就算杰瑞德沒有說出口,她也能夠猜到他是因為曾經發生過一些不愉快的事,才會變成一個不喜歡笑的人。至于是關于什么,她不敢問出口,害怕會觸碰到他心里的傷口,無意間讓他回想起難過的回憶。
「......」
經過一陣短暫又令人窒息的沉默,他總算再次啟唇出聲:「我的父母都在一場意外中喪失性命,本來我也難逃一命,是我的養父救了我,并且撫養我長大的。

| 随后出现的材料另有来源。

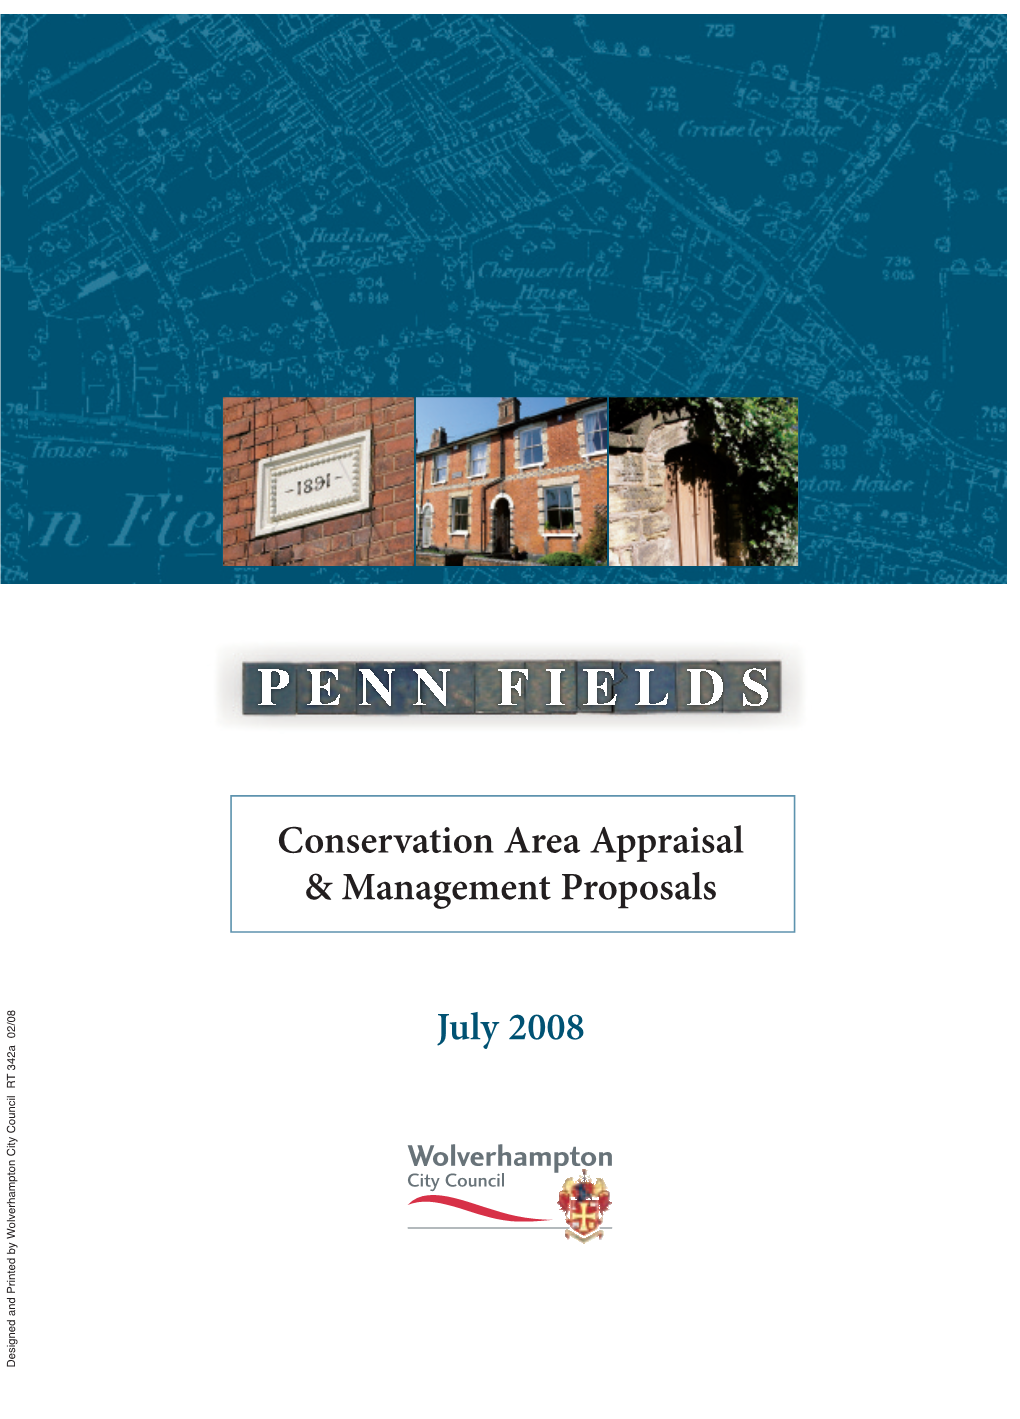 Conservation Area Appraisal & Management Proposals July 2008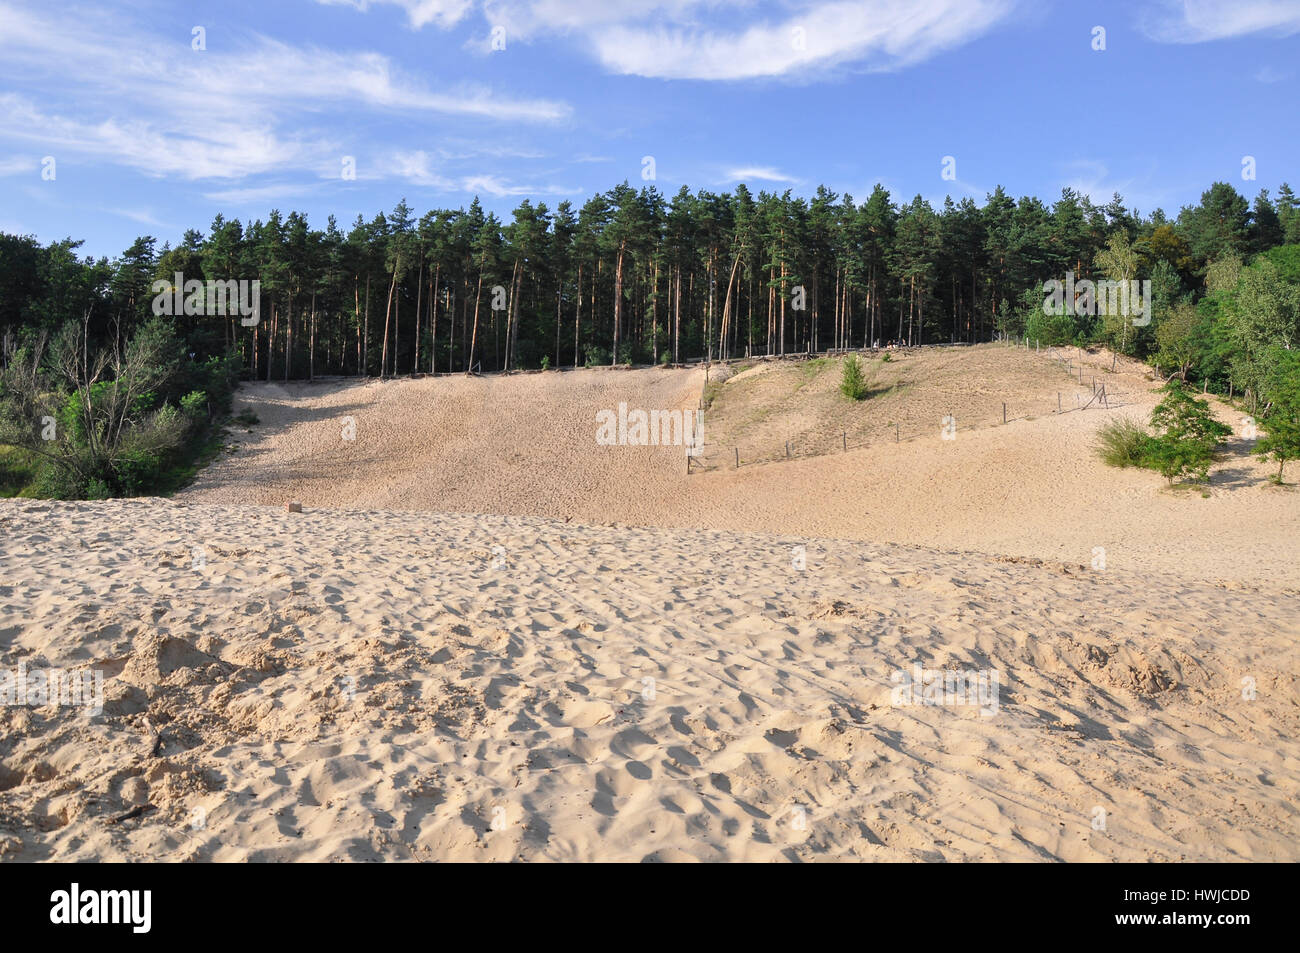 Dune de sable, Berlin-Grunewald Grunewald, paysage protégé, Jagen 86, Berlin, Allemagne Banque D'Images

只是后來......他也因為意外而去世了,自此就只剩下我一個人。」
杰瑞德的聲音輕得如同空氣中的煙霧,讓人覺得很不真實。他幾乎是不由自主的對她說出自己的往事。當然,那只是他根據經歷的事實而編織出來,可是會主動與她分享過去的傷疤,連他自己也感到很是詫異。
戴維娜意識到剛剛的提問讓他間接想起過世的父母,表情顯得慌亂無措,慌忙的向他道歉:「噢,我很抱歉。我不知道你的父母已經——」
「沒關係,這已經是很多年前的事了。」
儘管他擺出一副不甚在意的樣子,她卻不相信他沒有感到一絲難過。提起父母過世的事又怎么可能會沒事?這對任何人來說都是一份難以忘懷的傷痛。